** EXERCISE DETAILS **
From the first line to the last, print the data exactly as written.

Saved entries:
=-=-=

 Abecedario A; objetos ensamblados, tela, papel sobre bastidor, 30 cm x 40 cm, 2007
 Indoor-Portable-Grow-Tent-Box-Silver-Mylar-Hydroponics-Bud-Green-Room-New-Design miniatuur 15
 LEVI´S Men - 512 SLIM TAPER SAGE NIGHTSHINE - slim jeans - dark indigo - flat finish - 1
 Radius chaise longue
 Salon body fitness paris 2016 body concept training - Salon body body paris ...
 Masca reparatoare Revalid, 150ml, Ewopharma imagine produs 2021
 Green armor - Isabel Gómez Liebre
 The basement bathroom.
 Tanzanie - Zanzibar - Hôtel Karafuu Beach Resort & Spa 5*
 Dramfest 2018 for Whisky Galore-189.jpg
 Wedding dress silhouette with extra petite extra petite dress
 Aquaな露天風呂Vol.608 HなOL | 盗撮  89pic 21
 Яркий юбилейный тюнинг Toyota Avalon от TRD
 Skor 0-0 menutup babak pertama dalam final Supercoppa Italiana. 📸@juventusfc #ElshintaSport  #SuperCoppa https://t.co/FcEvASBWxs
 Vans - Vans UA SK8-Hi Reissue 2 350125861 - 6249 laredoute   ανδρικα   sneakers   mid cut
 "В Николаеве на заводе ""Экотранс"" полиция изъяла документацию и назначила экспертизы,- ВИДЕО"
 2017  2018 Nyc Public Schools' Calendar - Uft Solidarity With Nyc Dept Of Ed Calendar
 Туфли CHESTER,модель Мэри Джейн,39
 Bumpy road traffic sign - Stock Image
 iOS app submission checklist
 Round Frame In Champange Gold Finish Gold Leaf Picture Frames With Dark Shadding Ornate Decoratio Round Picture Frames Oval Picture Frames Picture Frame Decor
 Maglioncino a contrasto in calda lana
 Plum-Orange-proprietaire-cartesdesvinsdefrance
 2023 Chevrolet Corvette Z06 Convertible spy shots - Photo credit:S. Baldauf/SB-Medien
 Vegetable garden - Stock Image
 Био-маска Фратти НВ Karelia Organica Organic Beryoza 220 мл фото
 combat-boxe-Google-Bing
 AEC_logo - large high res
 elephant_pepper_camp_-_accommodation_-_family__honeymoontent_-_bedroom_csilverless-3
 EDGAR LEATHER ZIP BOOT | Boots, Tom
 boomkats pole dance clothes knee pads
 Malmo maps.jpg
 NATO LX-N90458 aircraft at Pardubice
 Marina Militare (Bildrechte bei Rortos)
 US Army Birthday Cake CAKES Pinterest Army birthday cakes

=-=-=

** EXERCISE SOLUTION **
 Abecedario A; objetos ensamblados, tela, papel sobre bastidor, 30 cm x 40 cm, 2007
 Indoor-Portable-Grow-Tent-Box-Silver-Mylar-Hydroponics-Bud-Green-Room-New-Design miniatuur 15
 LEVI´S Men - 512 SLIM TAPER SAGE NIGHTSHINE - slim jeans - dark indigo - flat finish - 1
 Radius chaise longue
 Salon body fitness paris 2016 body concept training - Salon body body paris ...
 Masca reparatoare Revalid, 150ml, Ewopharma imagine produs 2021
 Green armor - Isabel Gómez Liebre
 The basement bathroom.
 Tanzanie - Zanzibar - Hôtel Karafuu Beach Resort & Spa 5*
 Dramfest 2018 for Whisky Galore-189.jpg
 Wedding dress silhouette with extra petite extra petite dress
 Aquaな露天風呂Vol.608 HなOL | 盗撮  89pic 21
 Яркий юбилейный тюнинг Toyota Avalon от TRD
 Skor 0-0 menutup babak pertama dalam final Supercoppa Italiana. 📸@juventusfc #ElshintaSport  #SuperCoppa https://t.co/FcEvASBWxs
 Vans - Vans UA SK8-Hi Reissue 2 350125861 - 6249 laredoute   ανδρικα   sneakers   mid cut
 "В Николаеве на заводе ""Экотранс"" полиция изъяла документацию и назначила экспертизы,- ВИДЕО"
 2017  2018 Nyc Public Schools' Calendar - Uft Solidarity With Nyc Dept Of Ed Calendar
 Туфли CHESTER,модель Мэри Джейн,39
 Bumpy road traffic sign - Stock Image
 iOS app submission checklist
 Round Frame In Champange Gold Finish Gold Leaf Picture Frames With Dark Shadding Ornate Decoratio Round Picture Frames Oval Picture Frames Picture Frame Decor
 Maglioncino a contrasto in calda lana
 Plum-Orange-proprietaire-cartesdesvinsdefrance
 2023 Chevrolet Corvette Z06 Convertible spy shots - Photo credit:S. Baldauf/SB-Medien
 Vegetable garden - Stock Image
 Био-маска Фратти НВ Karelia Organica Organic Beryoza 220 мл фото
 combat-boxe-Google-Bing
 AEC_logo - large high res
 elephant_pepper_camp_-_accommodation_-_family__honeymoontent_-_bedroom_csilverless-3
 EDGAR LEATHER ZIP BOOT | Boots, Tom
 boomkats pole dance clothes knee pads
 Malmo maps.jpg
 NATO LX-N90458 aircraft at Pardubice
 Marina Militare (Bildrechte bei Rortos)
 US Army Birthday Cake CAKES Pinterest Army birthday cakes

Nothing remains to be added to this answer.